Sixteen miles from the center, the heat from the blast ignites houses, paper, clothes, leaves, gasoline, and heating fuel, starting hundreds of thousands of fires. The winds, still 100 miles per hour at this distance merge these fires into a giant firestorm thirty miles across that engulfs eight hundred square miles.  The death rate is nearly one hundred percent.  Thirty miles from ground zero the heat of the blast causes third degree burns on exposed skin.  Even forty miles from the blast, anyone looking up at the sudden flash of light in the sky is instantly blinded. (The New England Journal of Medicine, Volume 266, Number22, May31, 1962, pages 1127-1155)

Some one million people die in Boston within minutes of the attack.  An additional one million are fatally injured. Severe burns are the most common medical problem.  Hundreds and hundreds of thousands of people sustain major second and third degree burns and need urgent and intensive medical care. They never get it. In the entire United States, there are only two thousand special beds for burn patients. (The New England Journal of Medicine, Volume 266, Number22, May31, 1962, pages 1127-1155)

Some five hundred thousand people, who manage to escape the firestorms, suffer from other severe injuries.  People struck by flying glass and debris have stab wounds of the head, chest and abdomen.  People are crushed under buildings and hurled through the air by the hurricane force winds.  Only ten percent of the population within a forty mile radius, some two hundred thousand people, escape without injuries.  (The New England Journal of Medicine, Volume 266, Number22, May31, 1962, pages 1127-1155)

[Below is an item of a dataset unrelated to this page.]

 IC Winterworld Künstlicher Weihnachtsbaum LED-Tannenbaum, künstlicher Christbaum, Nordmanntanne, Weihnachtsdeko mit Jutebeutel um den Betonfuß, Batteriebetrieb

Now the silent killer, radiation sickness, begins its work.  People exposed to very high doses of radiation develop convulsions and pass into coma and die, within the first day or two after the bomb explodes.  People exposed to lesser doses of radiation, down to about 400 to 600 Rads, suffer a gastrointestinal form of radiation sickness, experiencing nausea, vomiting and diarrhea soon after exposure which lasts for several days and then improves. Unfortunately, the symptoms return and become worse as their stomachs and intestines, damaged by the radiation, begin to shed. The majority of these people also die. (The New England Journal of Medicine, Volume 266, Number22, May31, 1962, pages 1127-1155)

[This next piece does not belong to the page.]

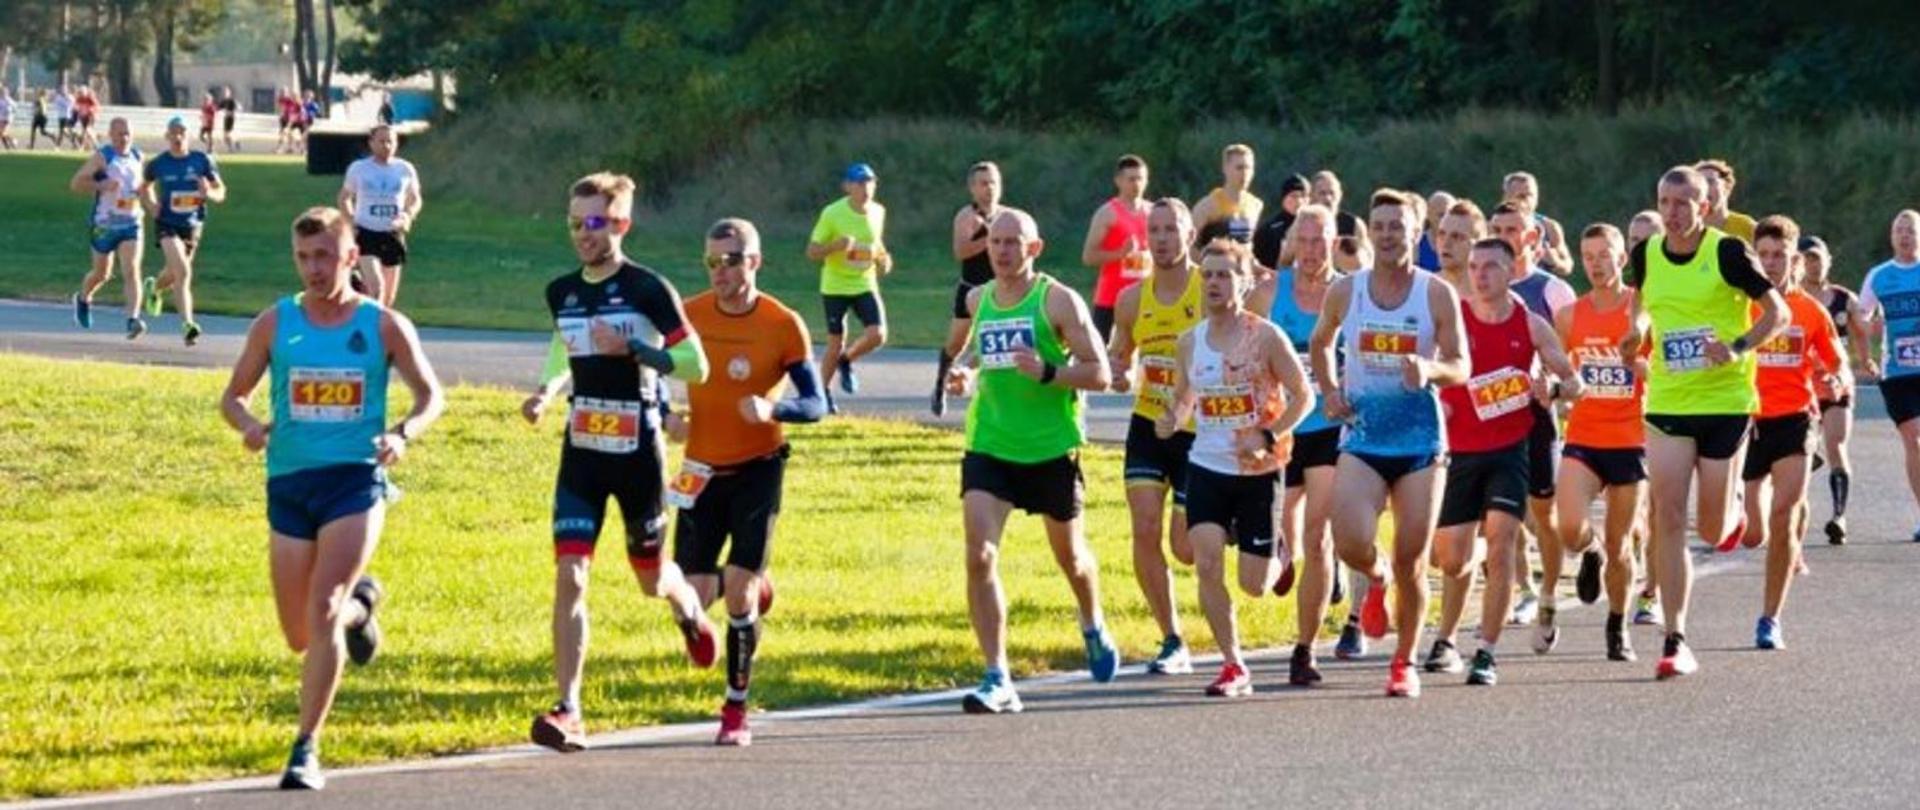 Zdjęcie przedstawia ciąg biegaczy podczas letnich zawodów sportowych.

Only limited medical resources are available to care for the million and a half injured. Seventy percent of the medical professionals are killed outright or fatally wounded, with another fifteen percent disabled by lesser wounds.  There are only one thousand doctors to care for 1.5 million desperately injured people. There are fewer than two hundred hospital beds left in the entire Boston metropolitan area.  Doctors work without any of the tools essential to modern medicine. There are few X-ray machines remaining and no electricity to run those that survive.  Stocks of medicine are quickly consumed.  There are no antibiotics, no sterile surgical instruments, no blood, no plasma, and even water and food are in scant supply.  Even among the hundreds of thousands of wounded who did not have injuries that would normally have been fatal, most die. (The New England Journal of Medicine, Volume 266, Number22, May31, 1962, pages 1127-1155)

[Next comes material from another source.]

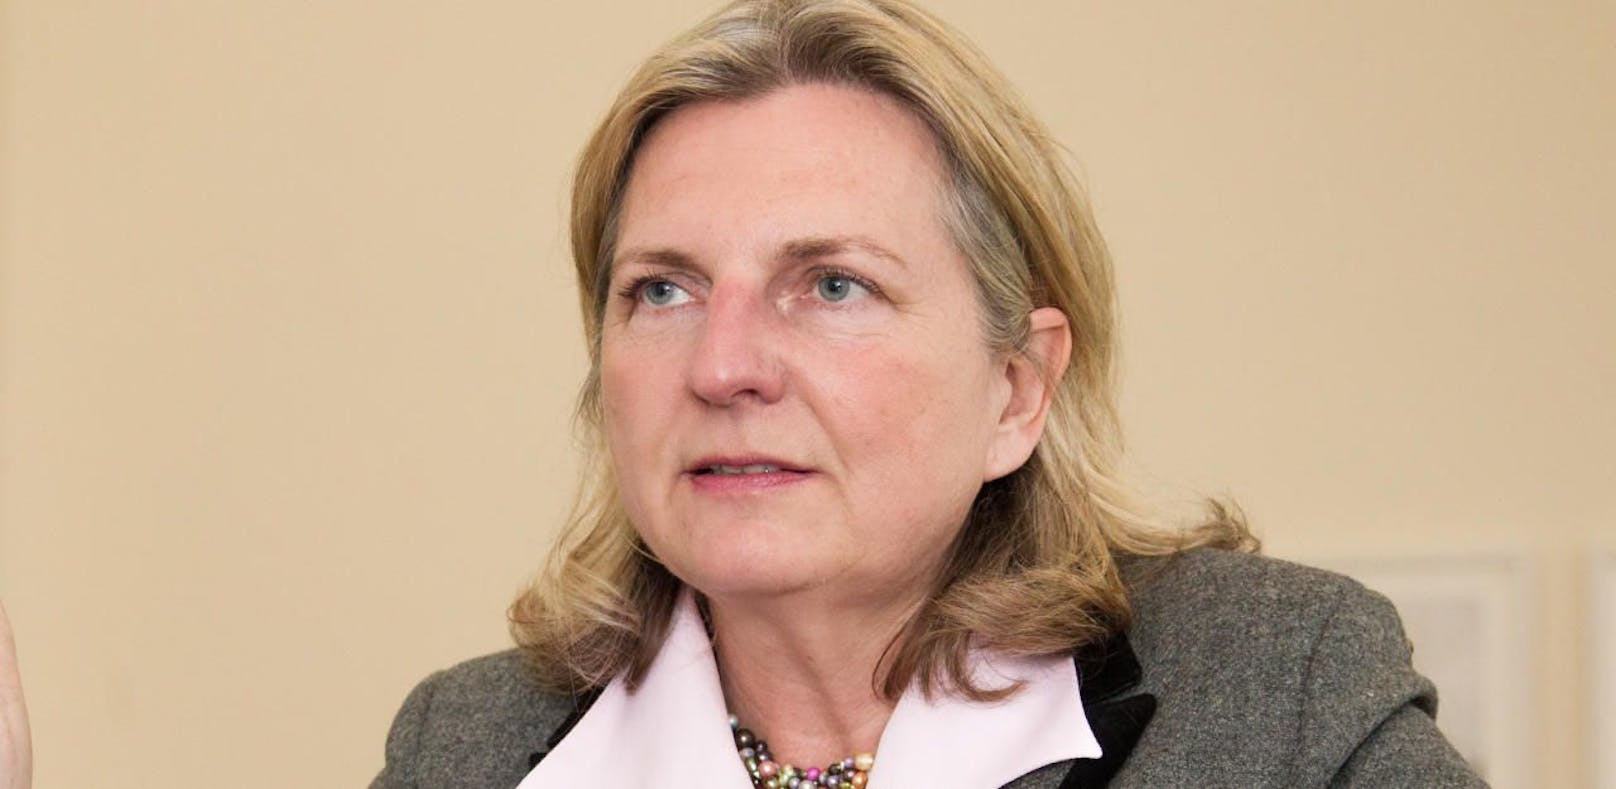 Karin Kneissl (FPÖ) fällt doch noch eine Woche aus.

From this one bomb alone, some 2.5 million Americans die within the first month after the Soviet attack (more than six times more than all Americans killed in World War II).

(The New England Journal of Medicine, Volume 266, Number22, May31, 1962, pages 1127-1155)

Over ninety million people, some fifty three per cent of the American population, die on November 8, 1962.  The east, west and gulf coast cities are destroyed.  Only the prairie and mountain states remain relatively untouched.